Friday, February 29, 2008

Building Webkit

Today there was a slashdot article about one of Vlad's blogs... the topic made me revisit my Safari browser after a long time with Firefox... I decided to grab the source code and try building.

Along the way, I noticed that Windows users had to download non-open source code to get webkit to build properly. I went on their IRC and talked to a few guys there.... one guy bfulgham is working on porting the webkit back to cairo
"bfulgham
:
mmullin: The port already exists, in that GTK+ is Cairo-based. I have heard rumblings that wxWindows may switch to Cairo due to problems they have had with the GDI code.
[12:34p] bfulgham:
So it's mostly a matter of plugging into the existing Cairo framework. It's a great thing, because almost all necessary functions are in place, and as soon as the GTK guys add new functionality, the Windows port pretty much gets it for free.
[12:35p] bfulgham:
Also, WebKit was originally Cairo-based on Windows, so there is useful historical information in the SVN archive."
Im currently following their guide to build on Mac right now... but will try this cairo-windows soon.

Thursday, February 14, 2008

Wednesday, February 13, 2008

DPS906 Lecture 9

Linear Motion

How do we give realistic motion to our game models?
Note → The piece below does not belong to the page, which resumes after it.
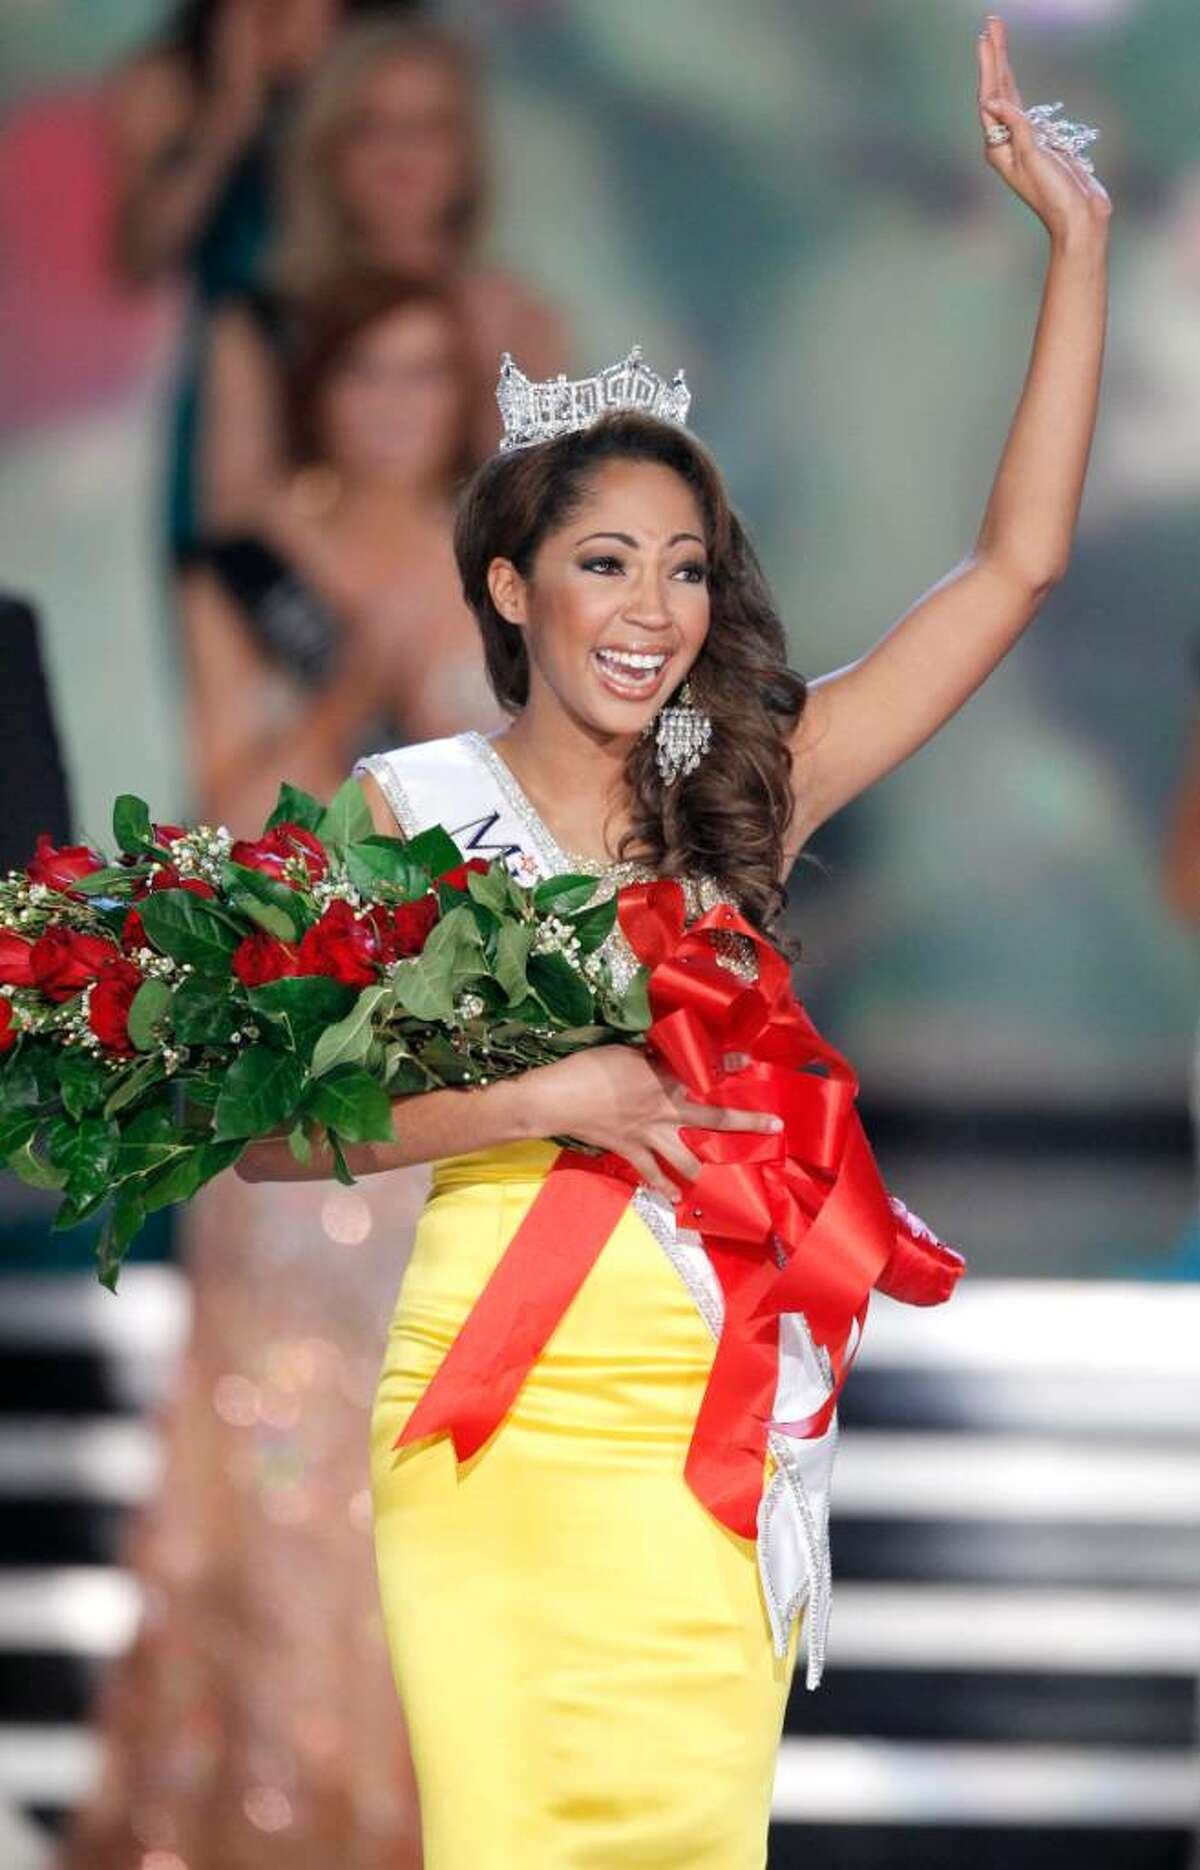 Miss Virginia Caressa Cameron reacts after being crowned Miss America Saturday Jan. 30, 2010 in Las Vegas. (AP Photo/Eric Jamison)

Linear Motion is motion in a straight line.

Fundamentals Units
  • time - measured in seconds unless otherwise stated
  • length - in meters unless otherwise stated
Particle Motion
  • The mass of this object is so small as to have no effect on motion
Frame of Reference
  • If you draw a picture of the moon moving around the earth, the picture is different than if you draw a picture of the moon moving around the earth while moving around the sun.
Scalar vs Vectors
  • measurement unit with no direction involved
  • vectors are scalars + direction
displacement = endposition - start position (change in position, directional)
(average) velocity : change in position over a unit of time (the bigger the time, the more inaccurate the calc... the CPU controls the time, we have no control).

velocity = total displacement / total time;

Saturday, February 9, 2008

DPS906 Code Nearly Compete

I am nearly complete my game tree assignment. I have
  1. A Move Generator
  2. Transposition Tables
  3. AlphaBeta Pruning
its a little funny to get TT and AB working together, spent 8 hours on this last night (oy what a good feeling when it worked!). I got it to work in the end, but I am VERY confused as to why

You see, there is a line of code in my program which double checks the retreived from TT score vs the current alpha/beta values. This double check exists because, the first time you run into a board layout the alpha and beta values might be very different from the second time you run into a board layout. This took me a long time to fathom... but finally I did, and I started tweaking my code.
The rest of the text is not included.